WHAT IS BEING ASKED » Once the line containing "View Toward Las" is found in the entries below, restate it and each following line word for word, stopping after the line containing "Colorful Autumn Wallpaper".

PROVIDED INFORMATION »
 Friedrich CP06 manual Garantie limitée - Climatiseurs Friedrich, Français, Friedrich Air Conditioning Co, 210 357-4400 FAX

--

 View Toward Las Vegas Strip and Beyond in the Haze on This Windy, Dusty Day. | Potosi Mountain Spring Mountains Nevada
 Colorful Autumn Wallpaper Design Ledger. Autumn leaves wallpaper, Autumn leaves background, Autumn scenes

REPLY »
 View Toward Las Vegas Strip and Beyond in the Haze on This Windy, Dusty Day. | Potosi Mountain Spring Mountains Nevada
 Colorful Autumn Wallpaper Design Ledger. Autumn leaves wallpaper, Autumn leaves background, Autumn scenes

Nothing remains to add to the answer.